We get flashed by the pulsar once every rotation when its beam is pointed directly at us and we don't care where the beam is going when it's not pointed at us. So all we need is the time interval between successive emissions in our direction, and that is much easier to model.

(And I'll repeat wat I said earlier - this problem is much easier to work using the frame in whoich we are at rest and the pulsar is approaching us).
Here is Overleaf link in latex)
https://www.overleaf.com/read/jczpfyqtrffm

A neutron star pulses 100 times per second from earth, we then move towards it at 0.995 times the speed of light. How many times does the neutron star pulse in the moving frame.

Also, neutron star is rotating at 0.6 times the speed of light perpendicular to our line of sight. We then move at 0.995 the speed of light towards the neutron star. What speed will we measure the neutron star rotating at?
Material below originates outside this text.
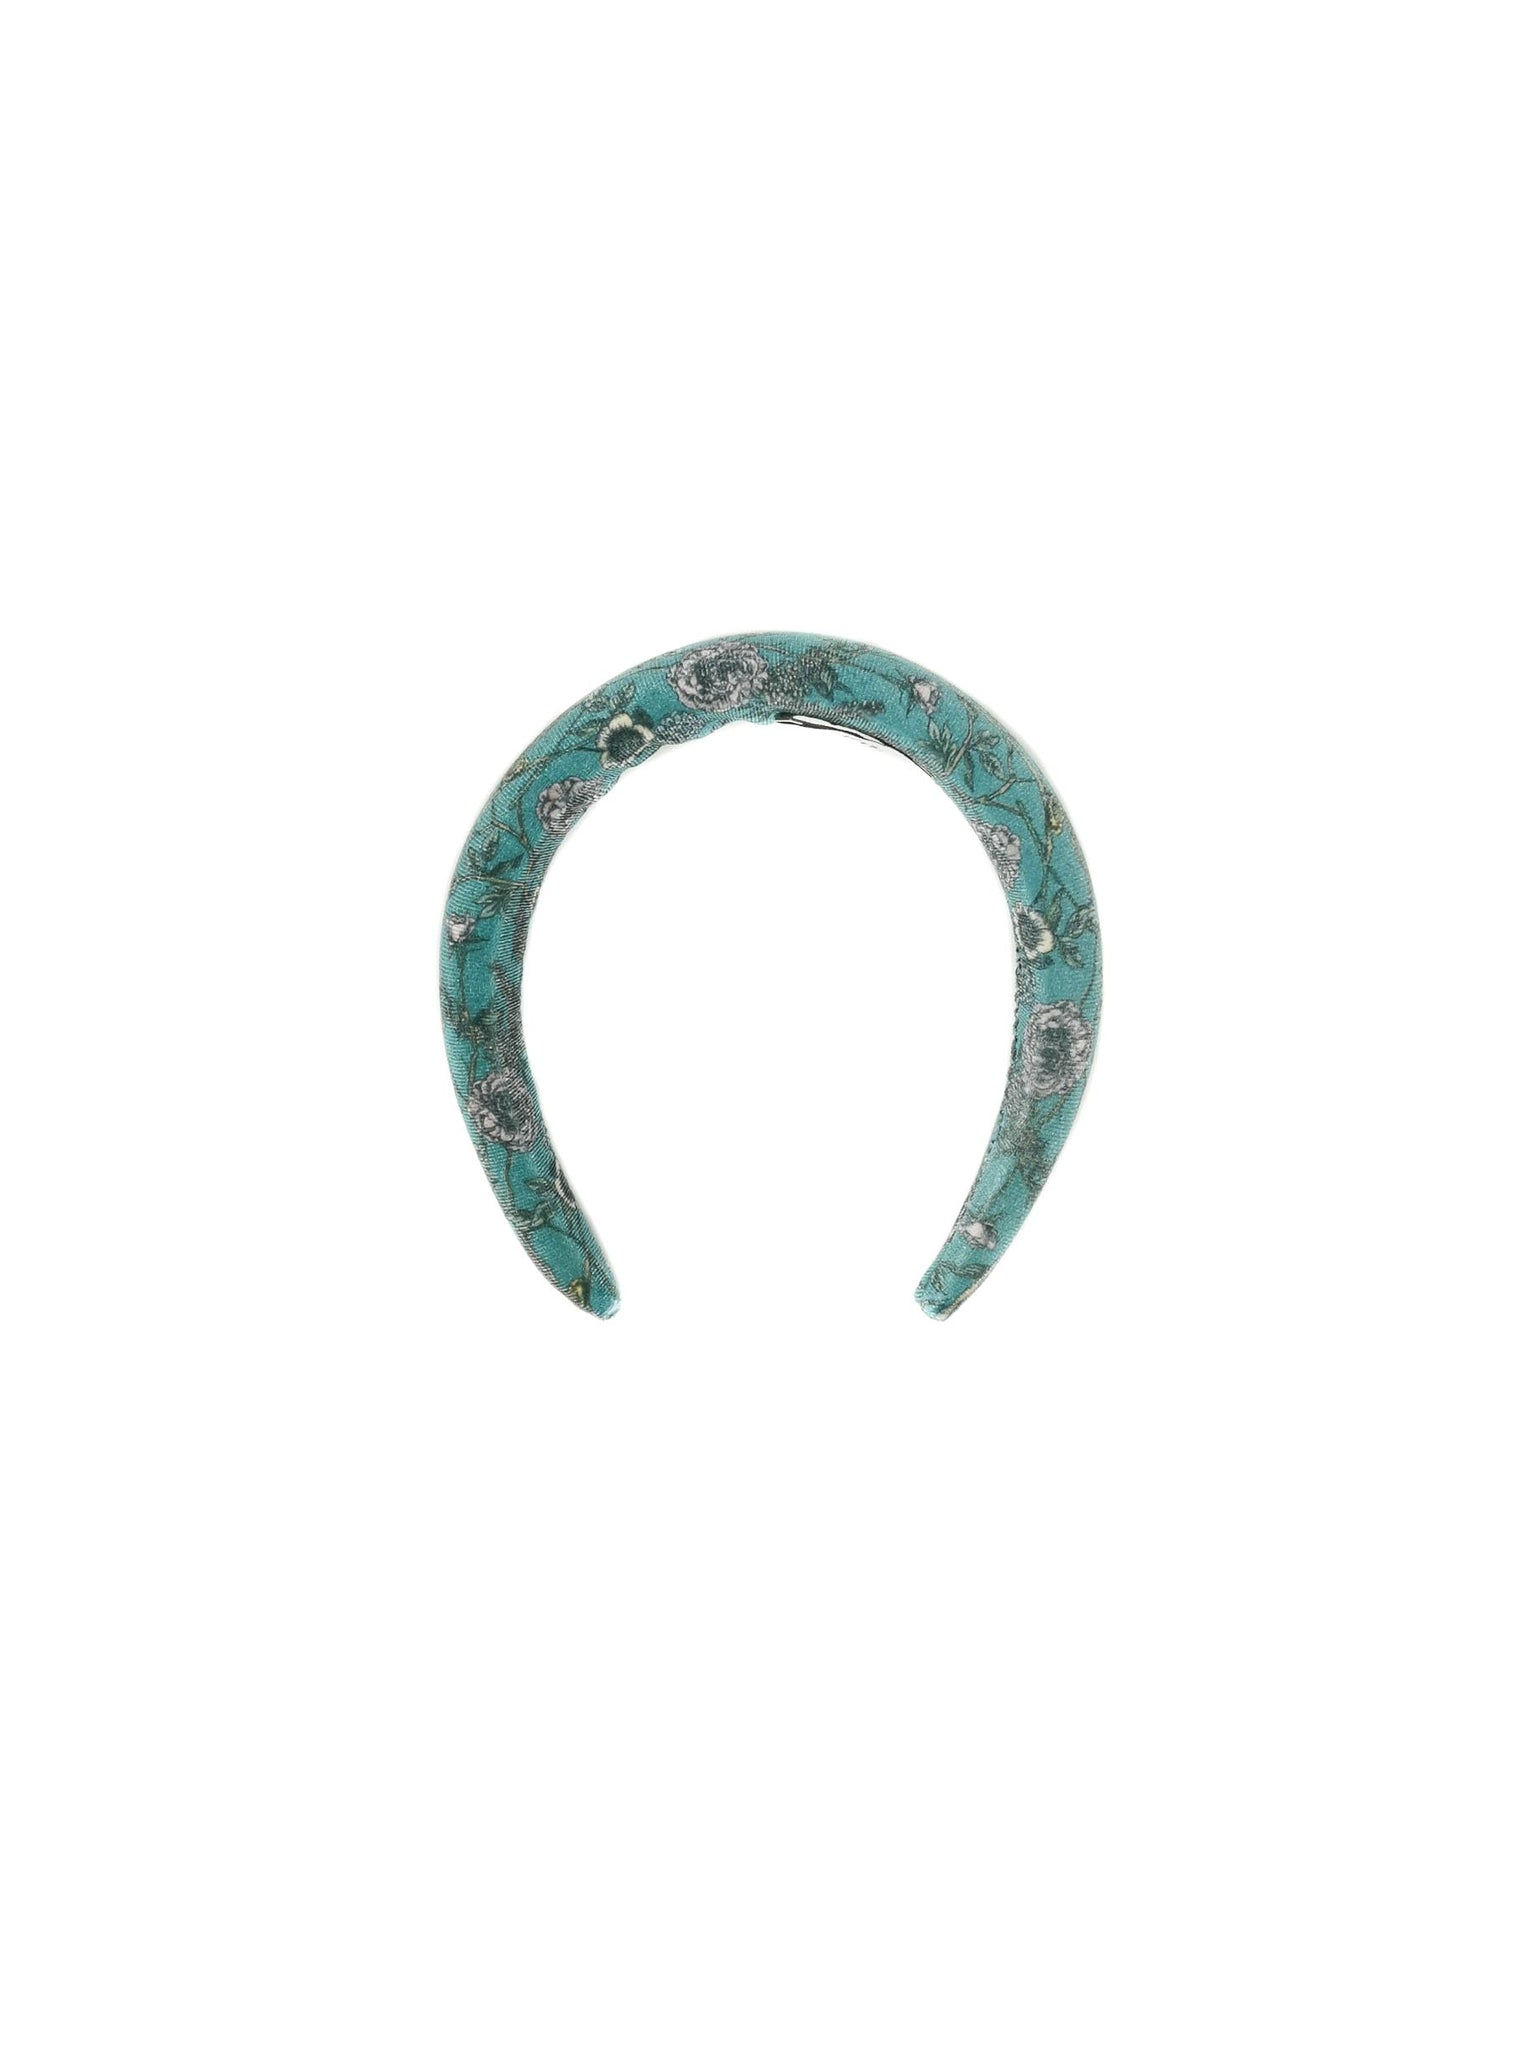 Padded velvet headband with bird pattern

Since the velocities are orthogonal the relativistic addition formula reduces to:

$$V=\sqrt{\frac{v_1^2+v_2^2}{1+\frac{v_1v_2}{c^2}}}$$

Where, 0.6=$v_1$ is tangential velocity at any location on neutron star's equator when measured from Earth; 0.995=$v_2$ is velocity of the observer relative to the reference frame and $V$ will be observed tangential velocity from the perspective of the observer traveling at 0.995c.

From this we yield:

$$0.919c=V=\sqrt{\frac{0.6^2+0.995^2}{1+\frac{(0.6)(.95)}{1}}}$$

For the case of the number of pulses (I still do not see how the Relativistic Doppler Effect plays into this), we have a time dilation factor, $\lambda$, equal to 10.012

$$10.012=\lambda=\sqrt{\frac{1}{1+\frac{v_2^2}{1}}}$$

Which means we should observe $100/10.012$ pulses per second, which is 9.987 pulses for second.

Yet the increase from $v_1$ to $V$, viz. 0.6c to 0.919c, would imply to me that we should be observing 153.166 pulses per second.
Clearly the Relativistic Doppler effect mentioned by @PeterDonis should resolve this major discrepancy. But I still don't see how to apply it.

On the bright side, I'm getting $V$=0.919c instead of 0.6c, which I assume is correct.
 
  • #16
King Solomon said:
A neutron star pulses 100 times per second from earth, we then move towards it at 0.995 times the speed of light. How many times does the neutron star pulse in the moving frame.
Already answered in post #3.

King Solomon said:
neutron star is rotating at 0.6 times the speed of light perpendicular to our line of sight
This makes no sense. A rotation rate is a frequency, not a speed. The direction of motion of a particular point on a rotating object will be different for different parts of the object.

King Solomon said:
Clearly the Relativistic Doppler effect mentioned by @PeterDonis should resolve this major discrepancy.
What part of post #3 did you not understand? It's very simple: the Doppler factor is 20, so the frequency of pulses as observed by the moving observer is 20 times the frequency observed by the observer at rest relative to the neutron star. So if the latter is 100 times per second, the former will be 2000 times per second.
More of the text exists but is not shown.